This repository contains my submission for the EXXA image-based test (EXXA1, EXXA2, EXXA4) as part of the ML4Sci Google Summer of Code 2025. The task is to build a convolutional autoencoder to reconstruct synthetic continuum observations of protoplanetary disks at 1250 microns, mimicking ALMA data.
The goal is to learn a compressed representation of each disk image and reconstruct it with high fidelity. The model must provide access to the latent space for further morphological or scientific interpretation.
- Train an autoencoder to output reconstructed versions of disk images.
- Ensure the latent space is accessible and meaningful.
- Evaluate performance both quantitatively and qualitatively.
- Build an end-to-end pipeline that can perform inference on new data.

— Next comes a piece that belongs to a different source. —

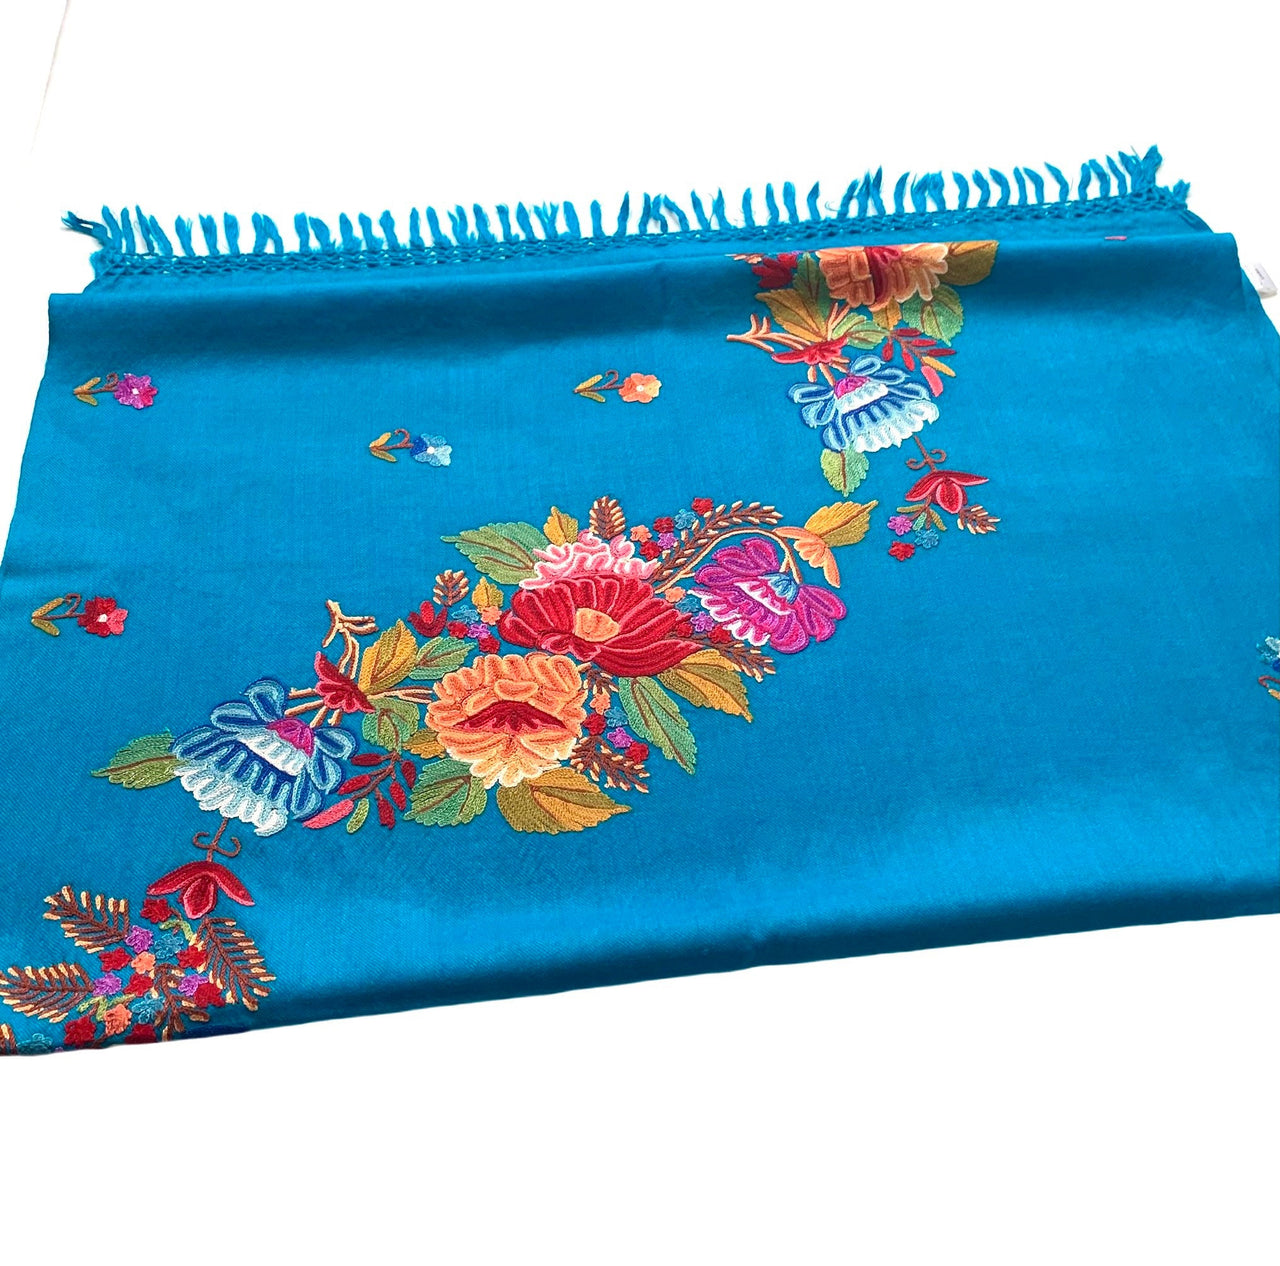 Stunning Turquoise Wool Shawl  Multi-Coloured Silk Embroidered Scarf/Stole /women’s Wrap/

The model used is a custom convolutional autoencoder implemented in PyTorch. The encoder compresses each image into a latent vector, and the decoder reconstructs the original image. The architecture is simple yet effective for capturing disk morphology and features like gaps, rings, and spiral arms.
- Convolutional layers for encoding and decoding.

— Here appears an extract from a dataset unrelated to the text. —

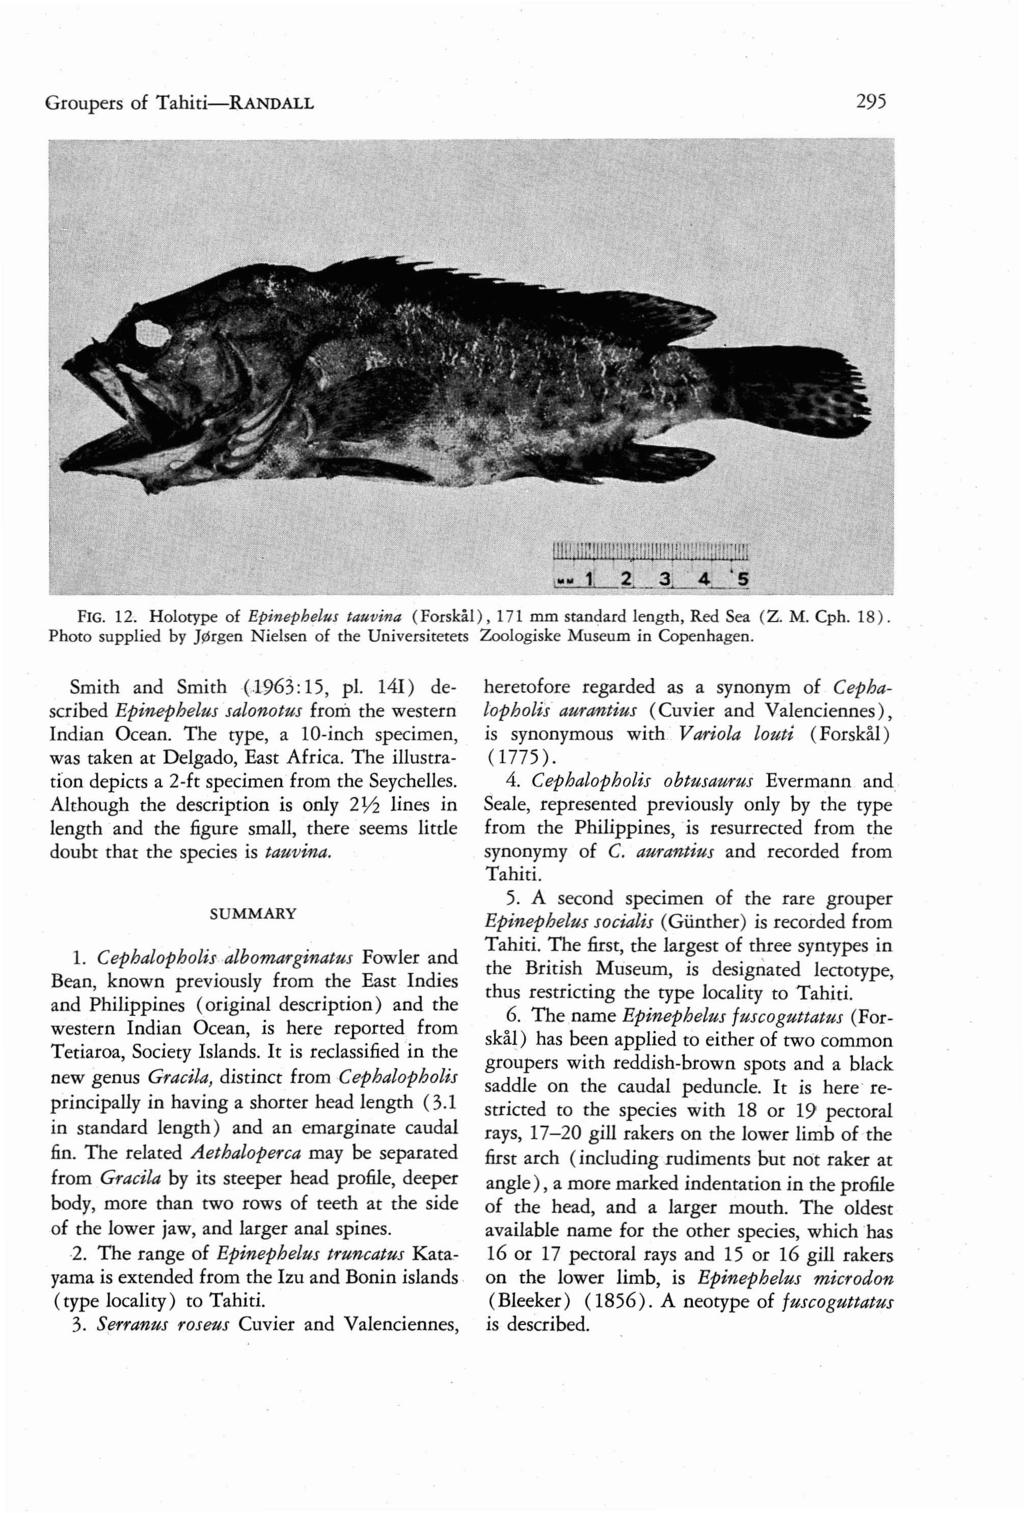 Groupers of Tahiti-RANDALL 295 FIG. 12. Holorype of Epinephelus tauvina (Forskal ), 171 mm standard length, Red Sea (Z. M. Cph. 18 ).

- ReLU activations, followed by Sigmoid at the output.
- Trained for 30 epochs using the Adam optimizer.
- Achieves low reconstruction error and high MS-SSIM scores.
- Load and preprocess
.fits
images - Normalize and downsample to 128×128
- Train autoencoder using MSE loss
- Evaluate MS-SSIM after each epoch
- Visualize original vs. reconstructed images
- Access and inspect latent space
- Save trained model to
.pth
format
Autoencoder Model: autoencoder.pth
Reconstructed Image Results: Reconstructed Images
The latent vector can be extracted using:
with torch.no_grad():
latent_vec = autoencoder.encode(input_tensor.to(device))